Bu anlamda, Rachlin'in teorisi, önerileri “proaktif davranışçılık” olarak bilinen Edward Tolman ya da insanların kendi kendini düzenleme süreçleri yoluyla kendi davranışlarını kontrol edebildiklerini doğrulayan Albert Bandura gibi yazarların katkılarıyla ilgili olabilir. Kendini gözlemleme veya kendi kendini pekiştirmeyi içeren).

Gönüllü davranış, kendini kontrol etme ve özgür irade

Skinner'ın sadece çevresel uyaranların manipülasyonu yoluyla davranışını tahmin etmeye çalışan radikal davranışçılığının popülerleşmesiyle birlikte, eski serbest soru bilimsel psikolojide merkezi hale gelecektir.. Rachlin'e göre, bir davranışın gönüllü olup olmadığını belirlemek, sosyal açıdan temel bir kavramdır..

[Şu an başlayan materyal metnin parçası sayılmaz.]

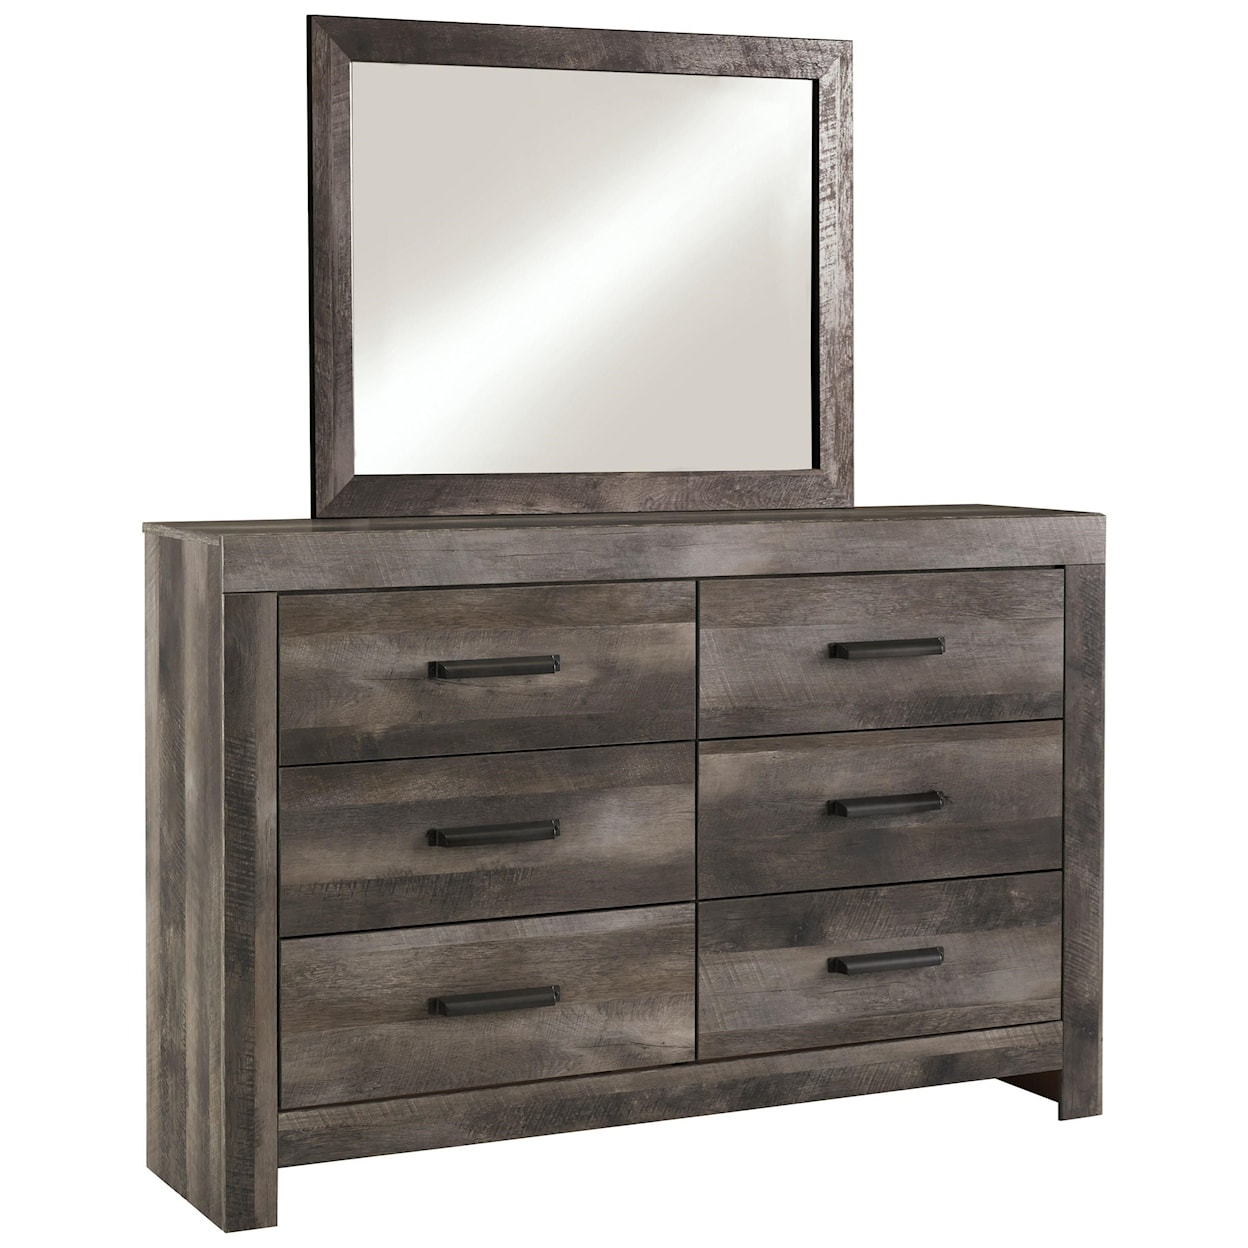 Ashley Furniture Signature Design Wynnlow Bedroom Mirror

Bu yazar, çoğu insanın gönüllü olarak gördüğü eylemlerin çevresel faktörler tarafından da motive edildiğini, ancak bunun diğer davranış türlerine göre daha az açık olduğunu onaylar. Bu noktada, Rachlin’in uzun vadede düşünmeye karşı koyacak bireysel kapasiteyi tanımladığı kişisel kontrol kavramı ortaya konulmuştur..

Rachlin'e göre, öz kontrolü iyi olan insanlar için, davranışın amacı her zaman mevcut bir ihtiyacı karşılamak değil, aynı zamanda uzun vadeli cezaların güçlendirilmesini veya önlenmesini de isteyebilir. Gecikmeli sonuçlara ve geleceğin vizyonuna olan bu ilgi, teleolojik davranışçılığın en karakteristik yönlerinden bir diğeridir..

Kendi kendini kontrol etme yeteneği, eğitilebilecek bir yetenek olarak anlaşılır; Rachlin, bir kişinin onu yeterince geliştirip geliştirmediği gerçeğinin, davranışlarını uzun vadeli memnuniyete dayalı olarak yönlendirmeye yönelik çabalarının tutarlılığına bağlı olduğunu ve anında memnuniyetsizliğe dayandığını ileri sürer. Bu, bağımlılık gibi problemlere uygulanabilir.

Rachlin teorisinin eleştirileri

Rachlin'in teleolojik davranışı, özgür iradenin tanımını yalnızca bağlama dayanan bir sosyal yapı olduğunu savunuyor. Bu yaklaşım görelilik niteliği nedeniyle eleştirildi..

MPek çok davranışçı Rachlin'in katkılarının bu disiplinin izlemesi gereken yoldan saptığına inanıyor. Özellikle eleştirilen bir yön, bazılarının kendi kendine yardım psikolojisi olgusuyla eşit olan kendi kendini kontrol etmeye odaklanması, ekonomik yararı açık bir şekilde aramaya çalıştığını göz önüne alarak revize edildi..

Bibliyografik referanslar:

  • Rachlin, H. (2000). Kendini kontrol etme bilimi. Cambridge, Massachusetts: Harvard Üniversitesi Yayınları.
  • Rachlin, H. (2007). Teleolojik Davranışçılık Açısından Özgür İrade. Davranış Bilimleri ve Hukuk, 25 (2): 235-250.
  • Rachlin, H. (2013). Teleolojik Davranışçılık Hakkında. Davranış Analisti, 36 (2): 209-222.